SHOW TABLE products SETTINGS;
Above, you may notice that although we specified the path to the file in /tmp/wordforms/
, Manticore saved it in /var/lib/manticore/products/
. This indicates that Manticore has attached a copy of the file to the created table. The file is now fixed for indexing this table. Replacing the word form file on the fly is not available by design, as it would require reindexing the entire table, which may not be desirable if you have a very large table. We will discuss how to safely and predictably replace such a file later.
This completes the table setup, and the next step is to enter the required data. Data entry is done similarly to any SQL database.
INSERT INTO products (name, price, avl) VALUES ('Canvas leash, green, up to 50 kg, 5m', 5.0, 1);
INSERT INTO products (name, price, avl, info) VALUES ('Elastic leash, pink, up to 10 kg, 3m', 12.00, 0, 'A beautiful leash for sophisticated ladies and their four-legged companions');
INSERT INTO products (name, price, avl, info) VALUES ('Pink harness, up to 10 kg', 8.00, 1, 'For room guards released into the street and mistakenly called a dog');
INSERT INTO products (name, price, avl, info) VALUES ('The flexi retractable dog leash, 10 kg, 5m', 7.50, 1, 'A flexi for dogs up to 10 kg. The length is 5 meters, taking into account the length of the owner\'s pulled out arm');
INSERT INTO products (name, price, avl, info) VALUES ('Dog food, 1kg', 4.30, 0, 'Dry food for your pet');
INSERT INTO products (name, price, avl, info) VALUES ('Cat food, 1kg', 2.80, 1, 'If your cat is yelling loudly and demanding food!');
INSERT INTO products (name, price, avl, info) VALUES ('Flea collar for cats , 1kg', 23.20, 1, 'Cats shouldn\'t be flea carriers.');
INSERT INTO products (name, price, avl, info) VALUES ('Flea drops for dogs up to 10 kg', 14.30, 1, 'Drops from uninvited passengers on the skin of your defender');
Be careful with apostrophes; there are abbreviations in the text that use them, and it is important to isolate them from the rest of the text with
\
:'Isn\'t it'
. Manticore does not support double quotes for strings, which would be useful to avoid escaping single apostrophes.
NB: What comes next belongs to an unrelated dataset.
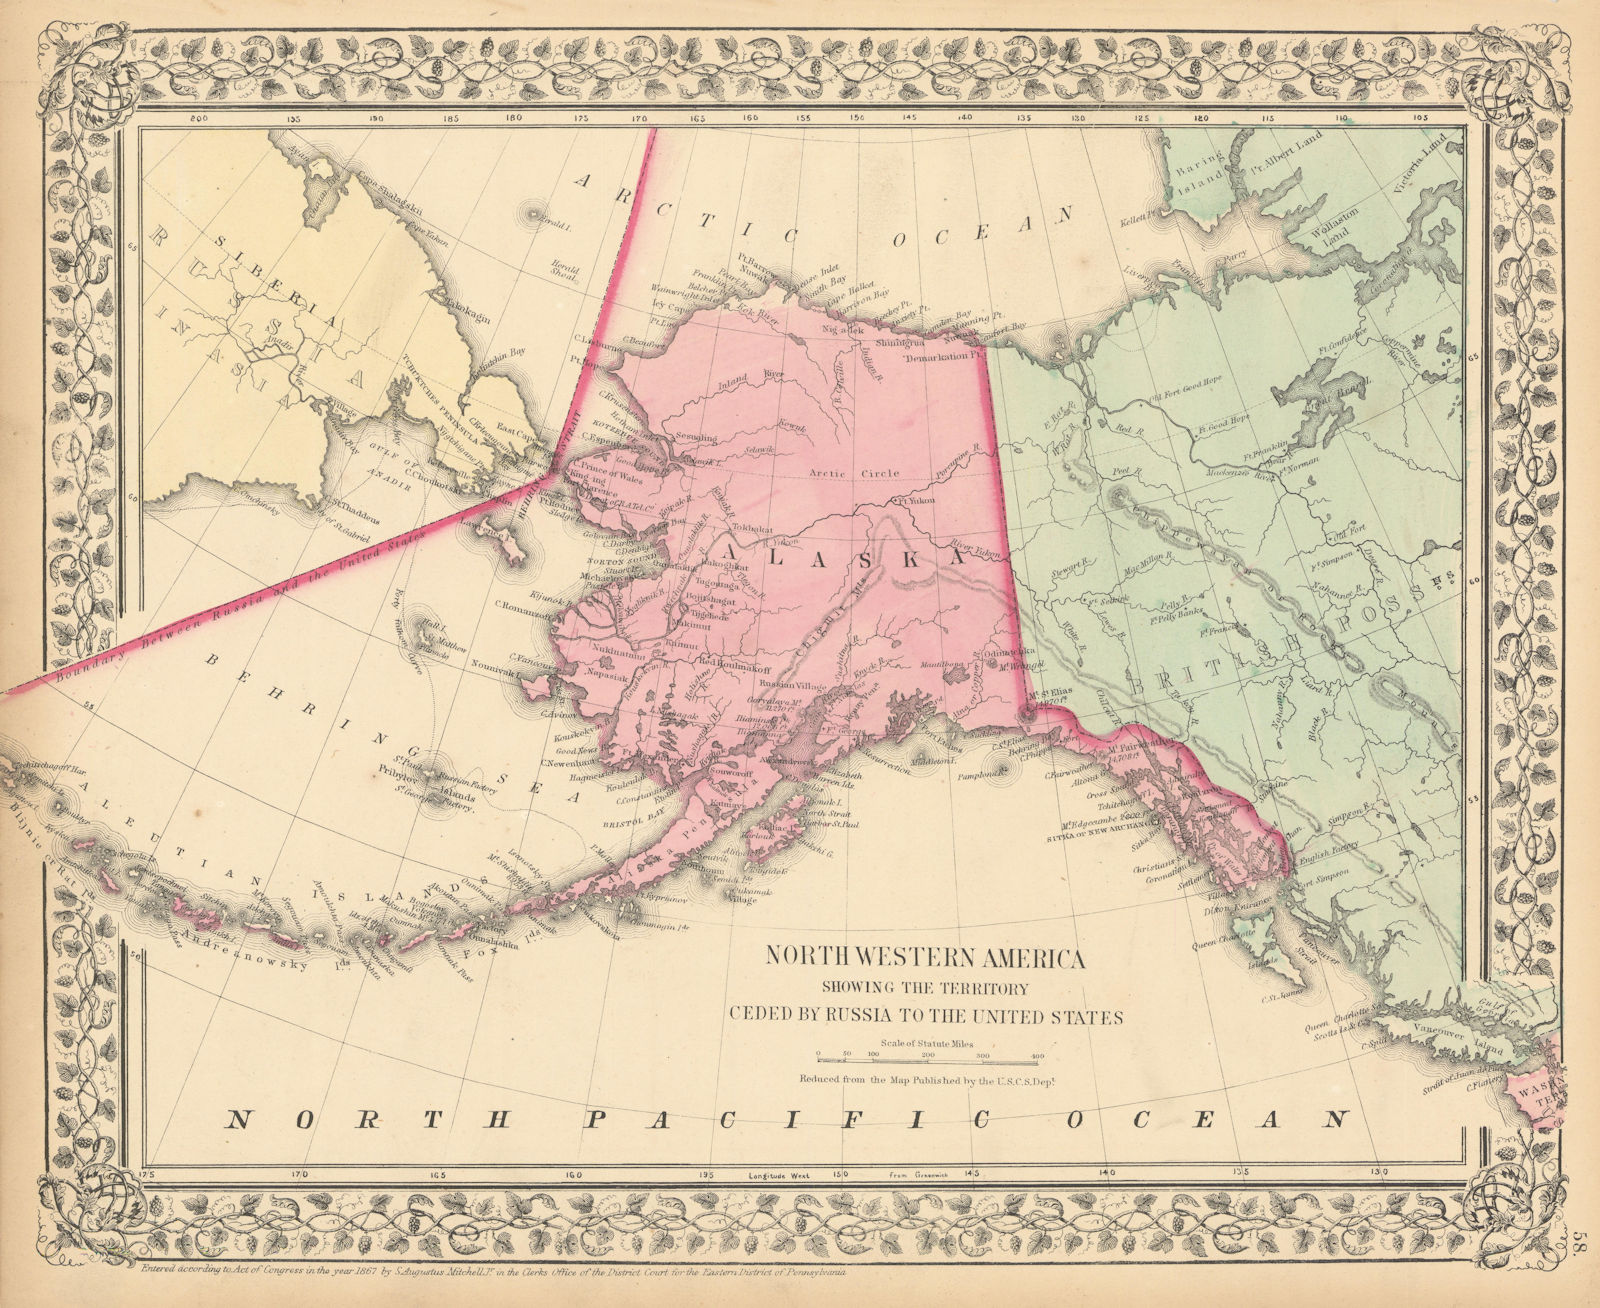 Northwestern America showing… Territory ceded by Russia Alaska MITCHELL 1869 map

In the first request above, the info
field was intentionally omitted to demonstrate how to update a full-text field. It's important to note that updating text fields and attribute fields is handled differently. Full-text fields are updated with the REPLACE
command, which triggers reindexing of the new values, while the UPDATE
command is sufficient for other fields. This is because attribute fields are not involved in the full-text search indexing process.
Now, let's use the REPLACE
command to add data to certain fields of existing records. To use this command, you will need the unique ID of the row where we want to make changes or add information. First, we'll get the necessary data by using SELECT * FROM products
;
SELECT * FROM products WHERE name = 'Canvas leash, green, up to 50 kg, 5m';
Make sure to remember where the fields are located. We'll need this information later. Also, we need all the current data in the fields because the replace command will update the entire file with this data. If we don't specify all the data, the fields not specified will be reset. Fill in the REPLACE
command based on the field locations.
REPLACE INTO products VALUES (<id>, <info>, <avl>, <price>, <name>);
In the development version, which may already be released by the time you read this, it is possible to replace specific fields. For more details, refer to the documentation.
REPLACE INTO products VALUES (8217224102746783745, 'Sturdy canvas dog leash for 5 meters, suitable for large dog breeds', 1, 5.0, 'Canvas leash, green, up to 50 kg, 5m');
Be careful with the code here, if you simply copy commands from the article, the ID field value in your table will be different! If the Manticore does not find a record with the specified ID, a new record will be created.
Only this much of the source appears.